The Auxiliary garrison was not inclined to stay to receive them. They had been deployed to protect the ford against raiding parties, not to try to impede a general Vordanai advance, and clearly here were the “corpses” in considerable force. A few desultory shots rang out from the windows of the temple as the blue line came closer, at far too long a range to find their targets, and then the company of Khandarai retreated in good order through the center of town. Their duty now was to rejoin their main body and report on what they’d seen, and accordingly their lieutenant marched his men hastily up the road and toward the ford.
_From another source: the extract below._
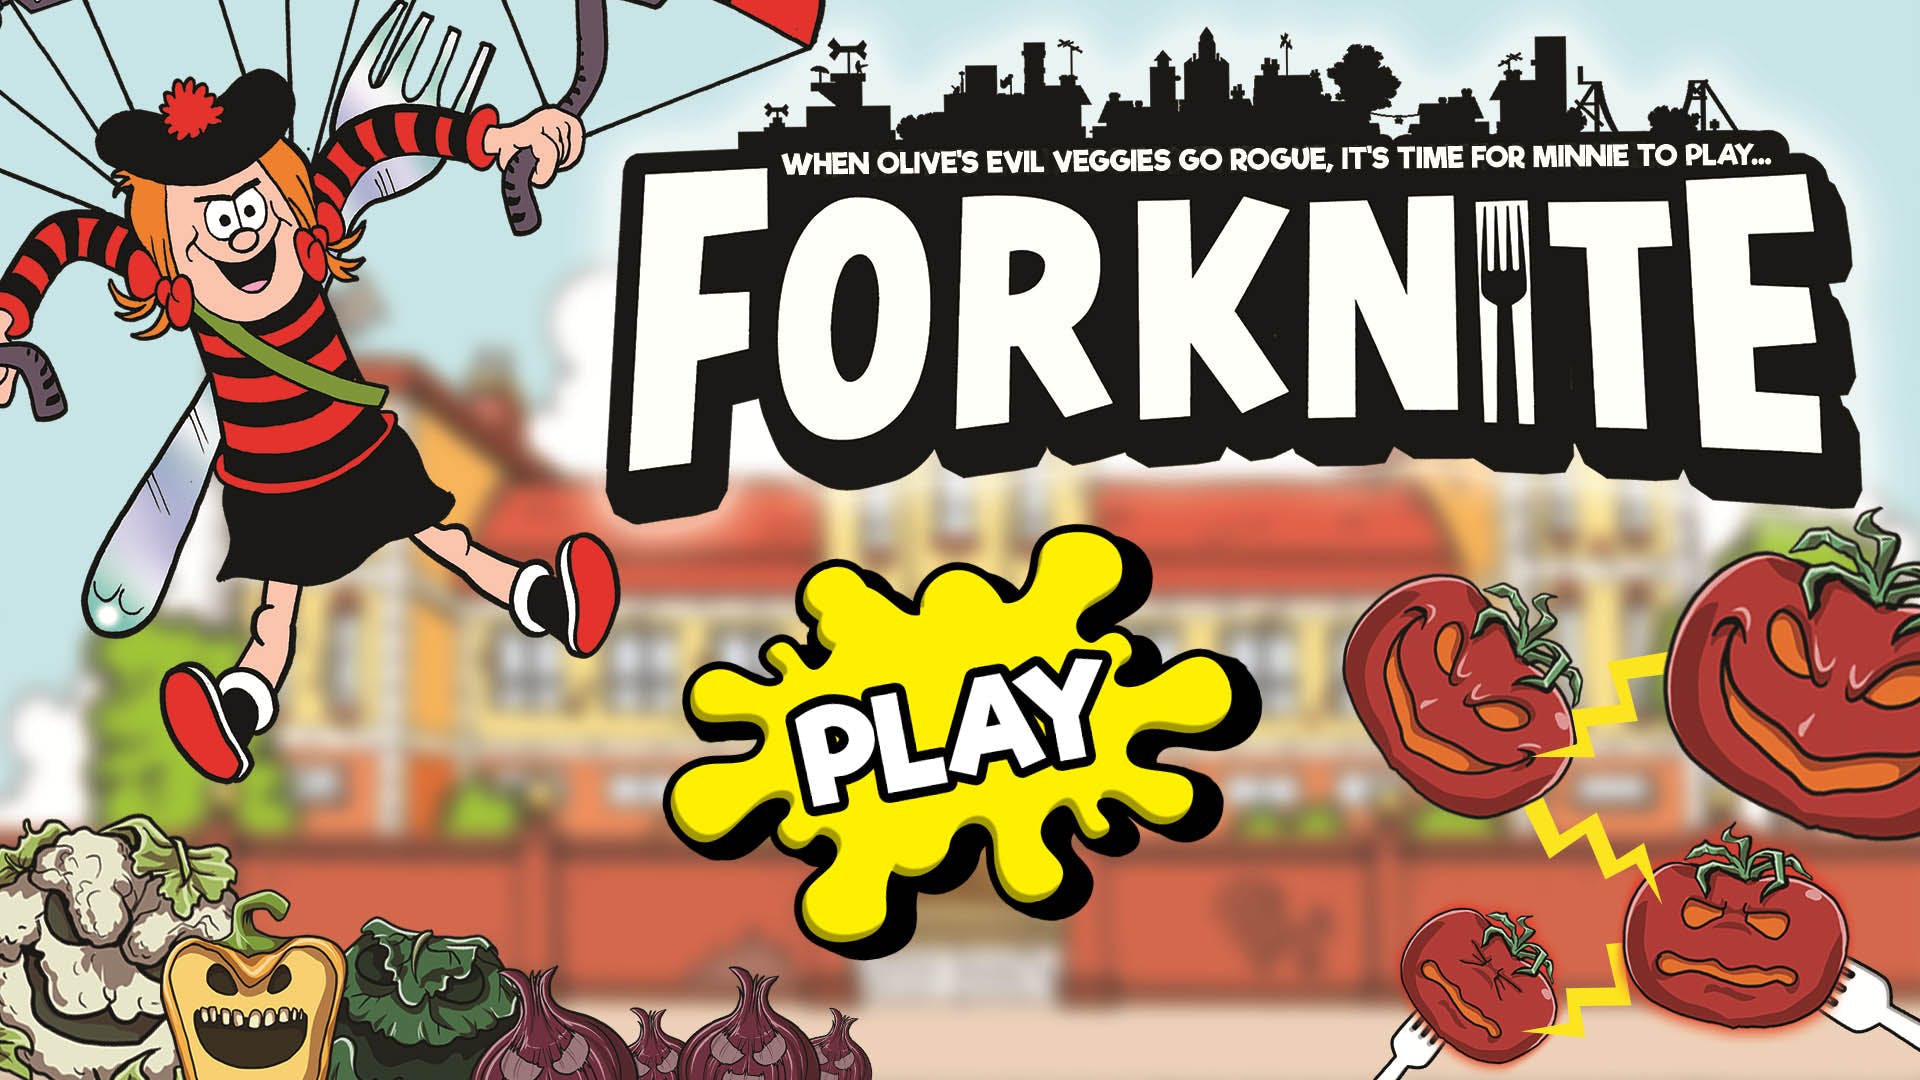 Play Forknite and Defeat the Veg!

They were in sight of the canal when shots rang out from all sides, billows of smoke rising from the buildings lining the road and behind the embankment. Argot’s men, slipping past the sentries in the darkness, had taken up positions close to the ford from which they could direct a lively fire at the Khandarai column. Men fell, screaming, and in a panic the Auxiliaries spread out, seeking whatever cover they could find. A few shot back, trying to pick out blue-uniformed men crouching in doorways or behind windows, and for a few moments the racket of the firefight drowned out all other sound.

Then, during a brief lull, a voice called in Khandarai for surrender. The Auxiliary lieutenant hesitated—the Redeemers were not kind to those who failed in the line of duty—but the choice was obvious. The way ahead was clearly blocked by an enemy force of unknown strength, and in the sudden quiet the drums of the main Vordanai line were quite audible. In any event, his men made the decision for him. First singly, then in twos and threes, they emerged from hiding with hands raised.

•   •   •

 

“All in all,” Adrecht said, “not a bad morning’s work. A dozen enemy dead and a hundred prisoners, in exchange for one man taking a bit of a bump on the noggin.”

That had been one of Argot’s, slightly injured when a shelf had collapsed on top of him during the firefight. Marcus permitted himself a smile.

“Don’t forget the lost night’s sleep,” he said.

“If we can trade a night’s sleep for a company in the bag, I think we’ll come out ahead.”